1 Language Acquisition Beginnings of Language Development

2 Aims of Session To identify the stages of Language Acquisition To discuss the stages of Language Acquisition and to draw on our own experiences To produce a leaflet on the stages of Language Acquisition

3 TASK Page 3 Language Acquisition booklets.

4 Stages of development … NB: Children do not all develop at the same pace. However: Children all around the world do pass through the same set of stages. There is a universal pattern of development, regardless of the language being acquired.

5 Before birth … Evidence suggests that even in the womb, the growing baby acclimatises to the sounds of its native language. Mehler 1988: French new born babies were able to distinguish French from other languages.

6 Crying … First few weeks: child expresses itself vocally through crying. Signals hunger, distress or pleasure. Instinctive noise (so not language).

7 Cooing … Also known as gurgling or mewing. 6-8 weeks old. ‘Coo’, ‘ga-ga’ and ‘goo’. Child develops increasing control over vocal chords.

8 Babbling … Most important stage in the first year. 6-9 months old. Sounds begin to resemble adult sounds more closely.
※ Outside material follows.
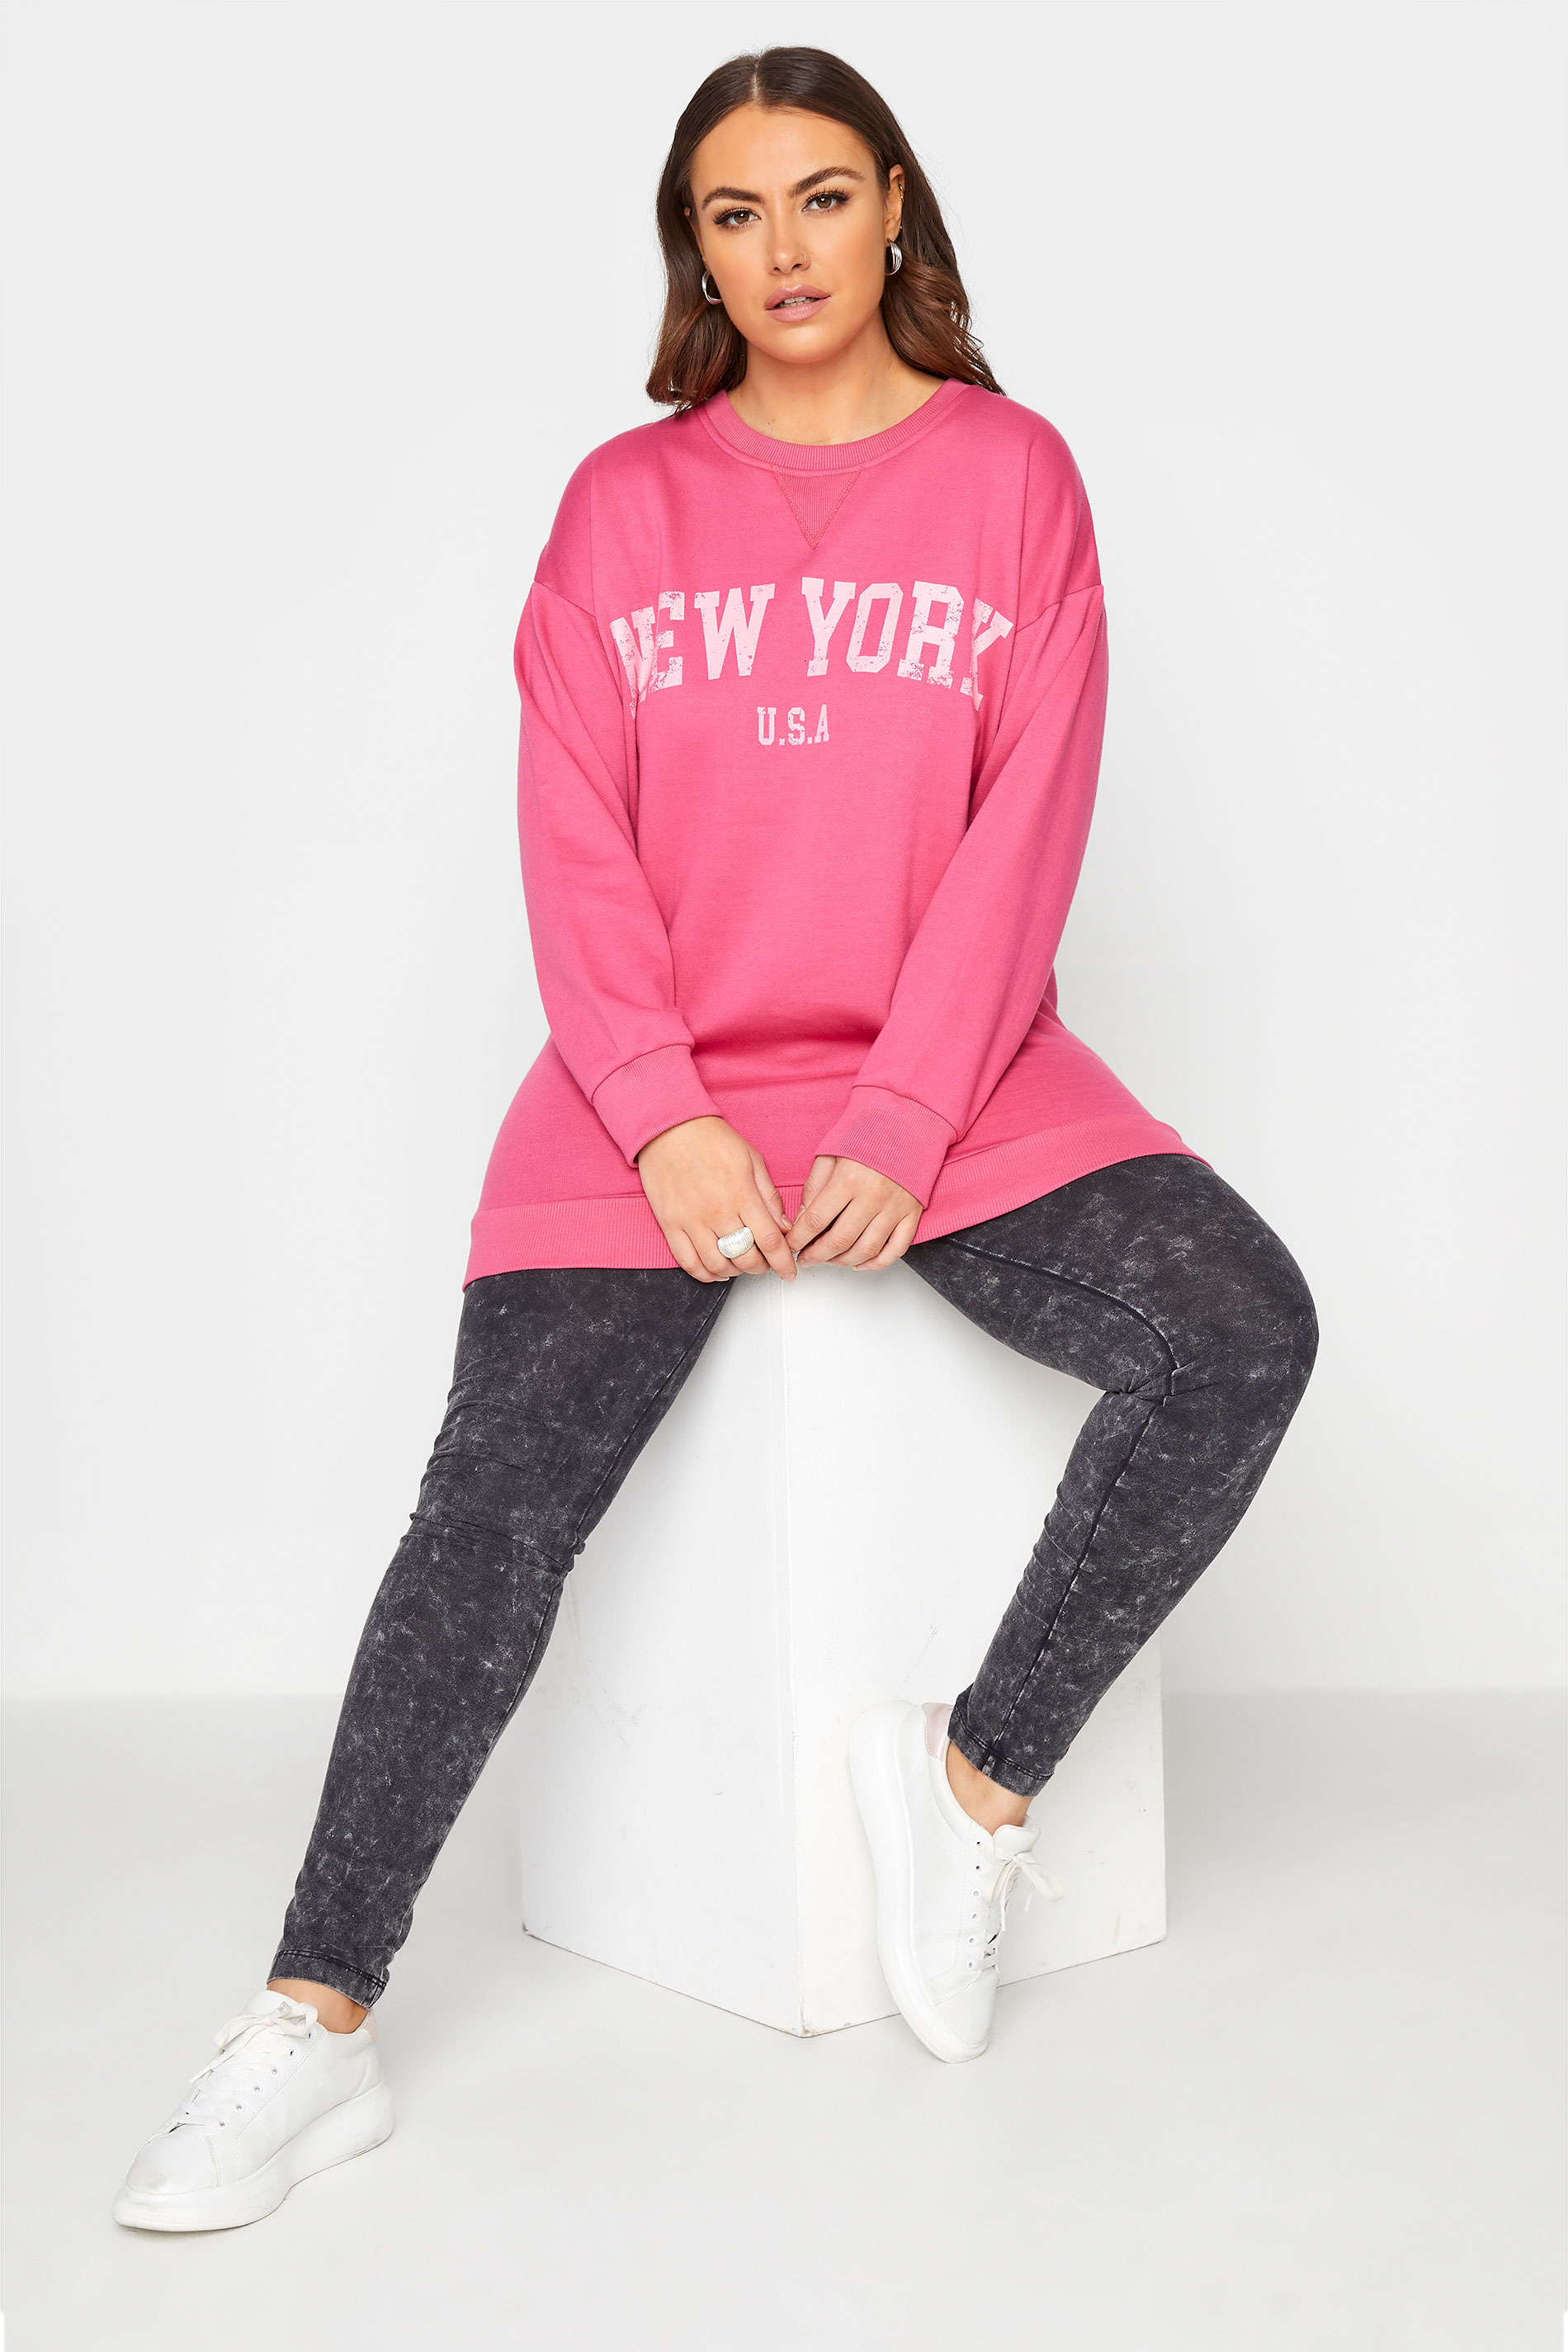 Grande taille  Pulls à Capuche, Sweatshirts & Polaires Grande taille  Sweatshirts | Sweatshirt Rose Slogan 'New York' en Jersey - WI17882

9 Babbling … Consonant and vowel combinations: ‘ba’, ‘ma’ and ‘da’. Bilabial sounds most common (i.e. using the lips). When these sounds are repeated = reduplicated monosyllable

10 Babbling … These sounds have no meaning. Baby makes far more noise than before. Exercises and experiments with its articulators (parts of the body that make sounds).

11 Phonemic expansion … Phoneme: smallest element of sound in a language that can display contrast and hence change meaning or function of a word, e.g. initial sounds in ban and Dan. During babbling, number of different phonemes produced increases (expands).

12 Phonemic contraction … 9-10 months. Number of phonemes produced reduces to those found in the native language (contracts). Baby discards sounds not required.

13 Phonemic contraction … Evidence: noises made by children of different nationalities starts to sound different. Experiments: native adults have successfully identified babies from own country.

14 Intonation … Intonation patterns begin to resemble speech. Common: rising intonation at end of utterance. Other variations in rhythm/emphasis may suggest greeting or calling.

15 The first word … Somewhere around 12 months the child makes its first recognizable word.

16 New vocabulary … Acclimatised Instinctive Cooing Babbling Bilabial Reduplicated monosyllable Phonemic expansion Phonemic contraction

17 TASK Design a leaflet for expectant parents informing them of the stages in which their child will learn to produce sounds. You should use the material you have learnt today along with some of your own experiences (if you wish) Think of a title What information do you want to include? How will you present this information (e.g. bullet points, pictures etc.). Think about the layout.